Много размышлений рождает названная сцена, ибо в пей прочнейшими связями переплетаются несколько выходящих за рамки войны проблем по главному счету искусства: мужчина и женщина, тяжкая реальность и долг… хотя ни единого слова не сказано об этом. Здесь прочерчены объемные линии, уходящие в глубину, невидимо пересеченные где-то за кадром, и возникает не-сконструированное волнение многомерных чувств.
Я коснулся этих двух сцен не только потому, что они поразили меня, а потому, что такая же пронзающая незаурядность режиссерского видения сердцевиной лежит в главных кадрах этого правдивого полотна. Как во всяком произведении киноискусства, в фильме, конечно же, есть условности, однако я не могу назвать ни одного эпизода. где серым, удручающим контуром маячило бы худосочное правдоподобие, то есть беллетристический, олитературенный и обэкраненный эрзац правды.
Мне хотелось бы сказать не об игре, а о жизни каждого актера на экране, ставших настолько реальными человеческими индивидуальностями, что создается ощущение — мы знаем их целую вечность и в сорок втором году после кровопролитных боев расстались с ними лишь на краткое время. И нам кажется, что колдовской «машиной времени» через многие годы возвращено, возобновлено пережитое лето, наши друзья — солдаты трагического и переломного сорок второго года. И перед нами стоят лица, простые и прекрасные, родственно близких нам людей со всеми их человеческими проявлениями — взлетами и слабостями, — и мы влюблены в них, мы не можем жить без них, нам не хватает их в современном мире. Боль разлуки не проходит, и боль расставания тем сильнее, что мы сознаем невозможность встречи со многими из тех, кто позднее сражался под Сталинградом, под Курском, на Зееловских высотах и не услышал оглушающую тишину мая сорок пятого года.

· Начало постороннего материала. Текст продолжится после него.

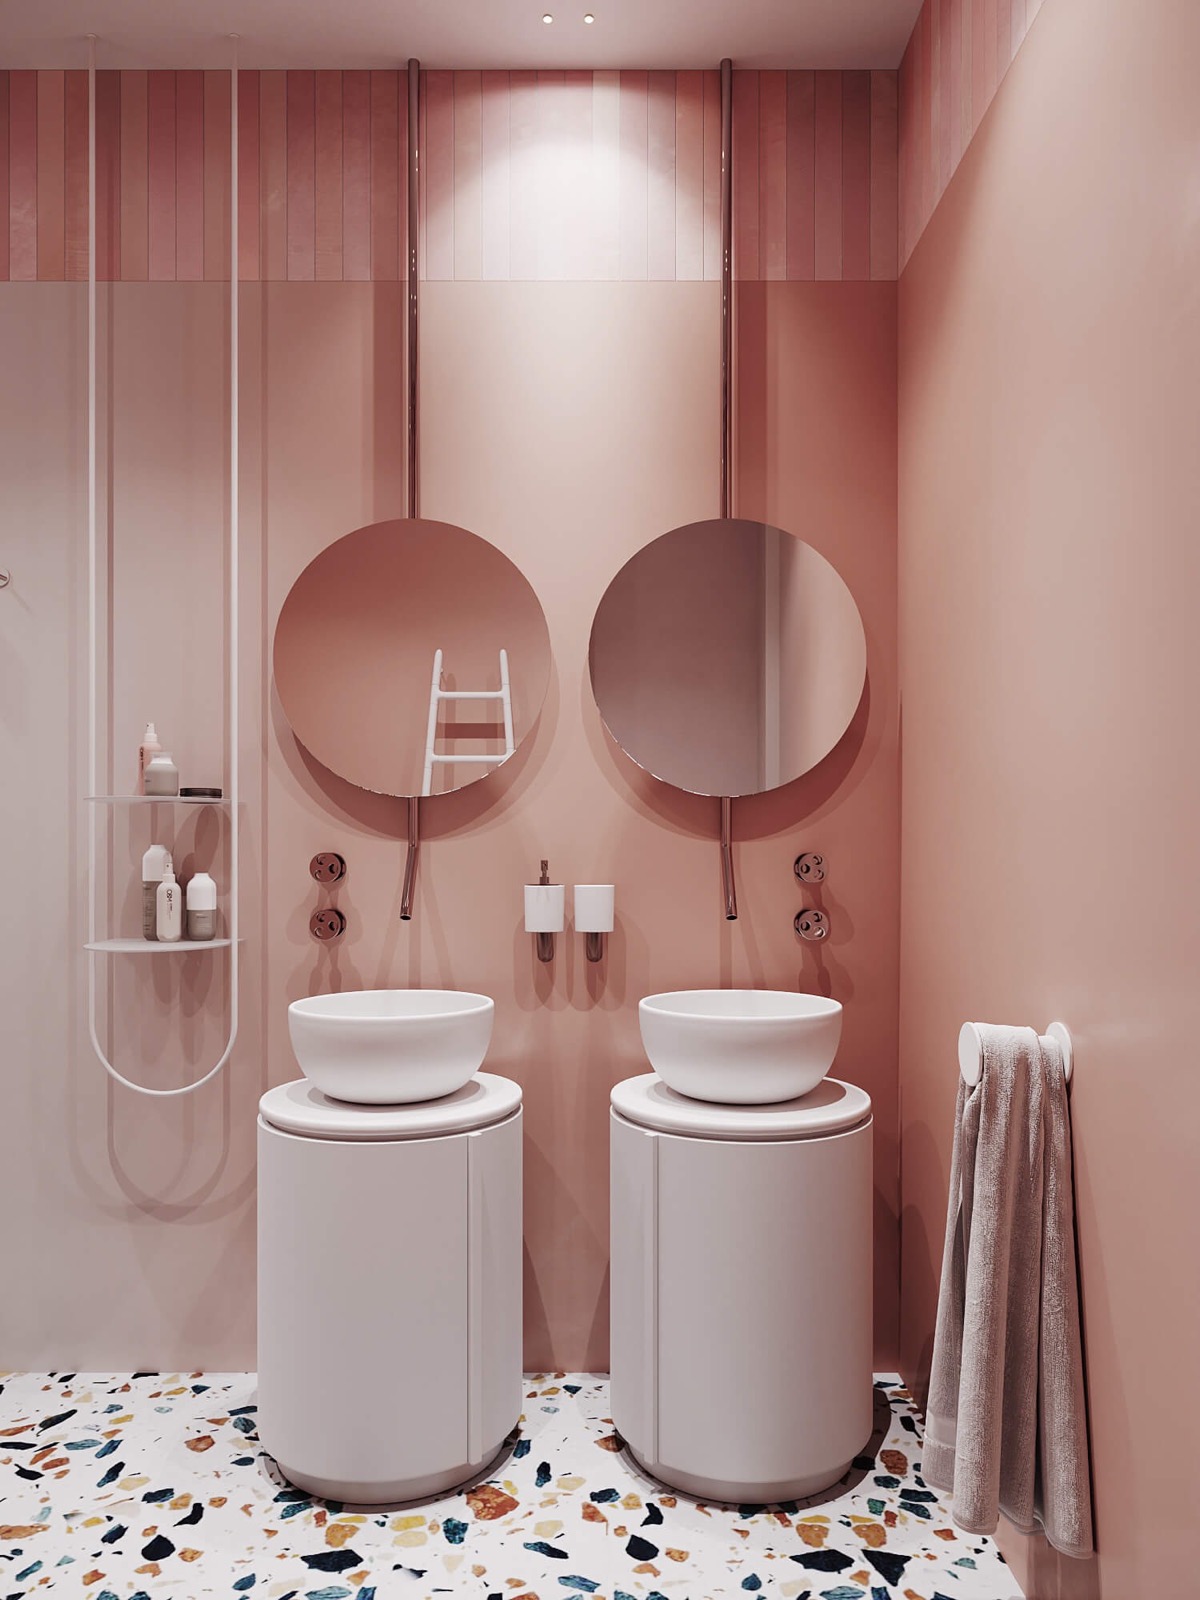 Toàn bộ bức tường bao phủ màu hồng phấn với 2 tấm gương tròn vừa tạo hiệu ứng phản chiếu ánh sáng vừa “nhân đôi” không gian về mặt thị giác. Sàn nhà lát gạch terrazzo trở thành điểm nhấn nổi bật để phòng tắm không rơi vào trạng thái một màu.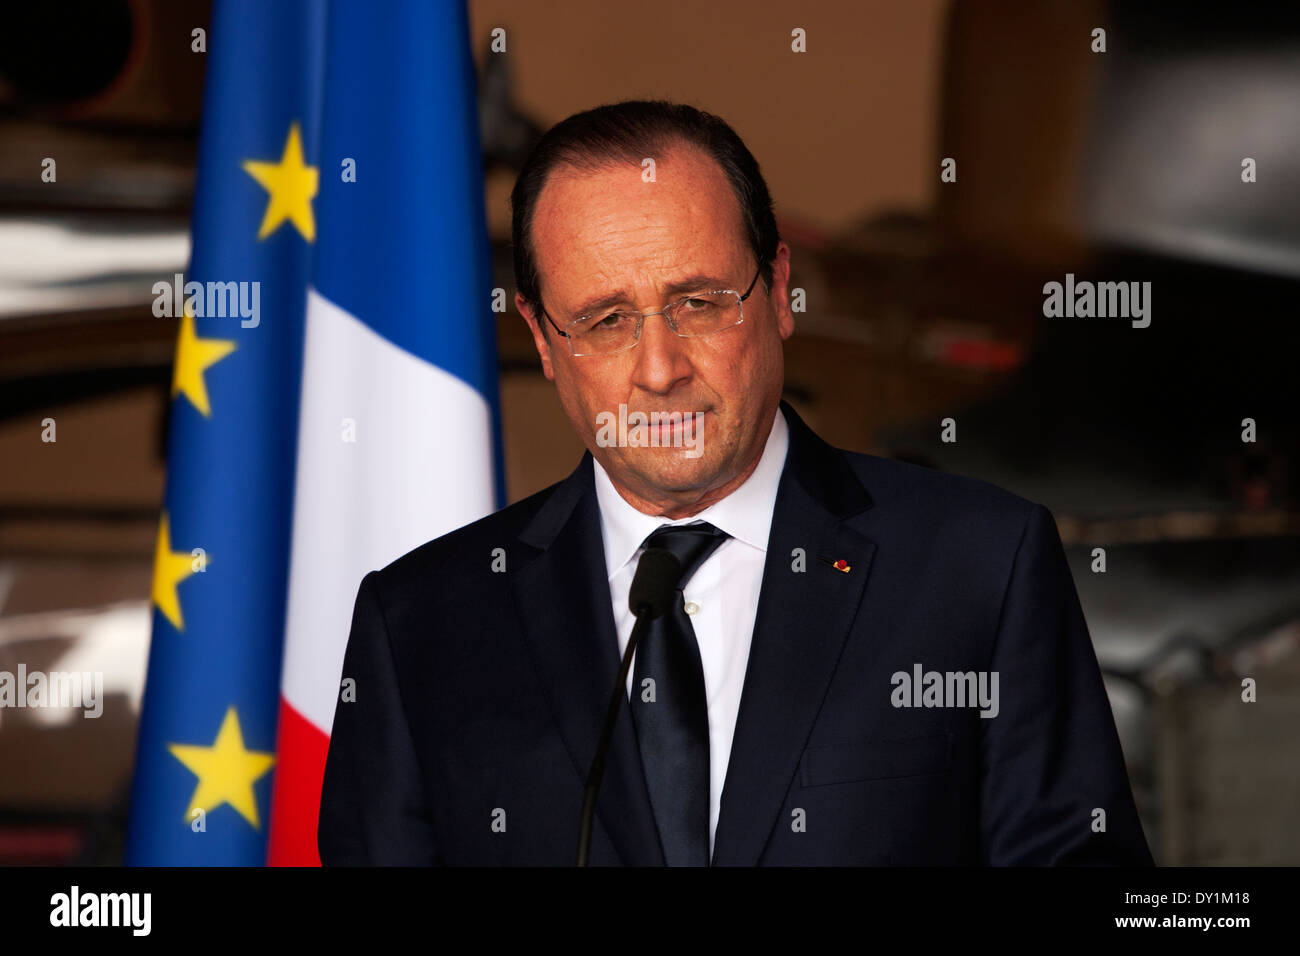 Il Presidente francese Hollande parla e saluta le truppe francesi alla base Mpoko a Bangui, Repubblica Centrale Africana Foto Stock

Последняя актерская работа Василия Шукшина (в роли Лопахина) вызывает не одно только чувство восхищения. Слова «игра актера» звучат в данном случае слишком «профессионально», ибо нельзя назвать игрой то, что становится самой жизнью, обжигающей вас простотой, исполненной глубочайшего чувства и энергии мысли. И, без остатка покоренные этой жизнью, вы не перестаете думать, какой сверкающий художник ушел из искусства, какой большой талант развернулся рядом с нами за последние годы!..
1975
Имя этого судьи —правда
Вряд ли кто-нибудь из нас рискнет определить современную литературу как морализаторскую притчу или как очерковый комментарий к событиям сегодняшнего дня.
Нет, цель современного искусства — разумная организация сознания, внесение в мироустройство нравственного порядка, социальной концепции природы и человека.
Сегодня невозможно отгородиться от мира каменной стеной Древнего Китая с его смертельным запретом для проникновения чужой культуры, поэтому едва ли сейчас На Европейском и Американском континентах можно найти абсолют обособленного, очищенного национального искусства. Человечество объединено единым земным шаром, в двадцатом столетии он стал удивительно тесен, чрезвычайно уменьшен невероятными скоростями и устройствами новой науки.
Когда известный японский критик Кендзи Симицу говорит, что «современная культура импортируется главным образом из США», когда в Канаде создается союз писателей с главной целью воспрепятствовать импорту американской книжной продукции, когда французская интеллигенция сетует на засилье джазовой заокеанской Музыки, когда крупнейшие итальянские режиссеры заявляют, что западное кино «волочит за спиной груз американского доллара», что они, американцы, «требуют, чтобы кино не пробуждало сознание, никуда не звало», когда мы соприкасаемся с переводными американскими романами последнего времени, — то все отчетливее начинаем понимать: в мировой культуре что-то случилось (слово «что-то» я употребляю здесь, имея в виду роман Джозефа Хелера), и понятий добра и зла не существует, и сам Вельзевул взмахами обожженных недавними войнами крыльев ставит на страницах книг печать оцивилизованной горькой тоски, безрадостного пресыщения.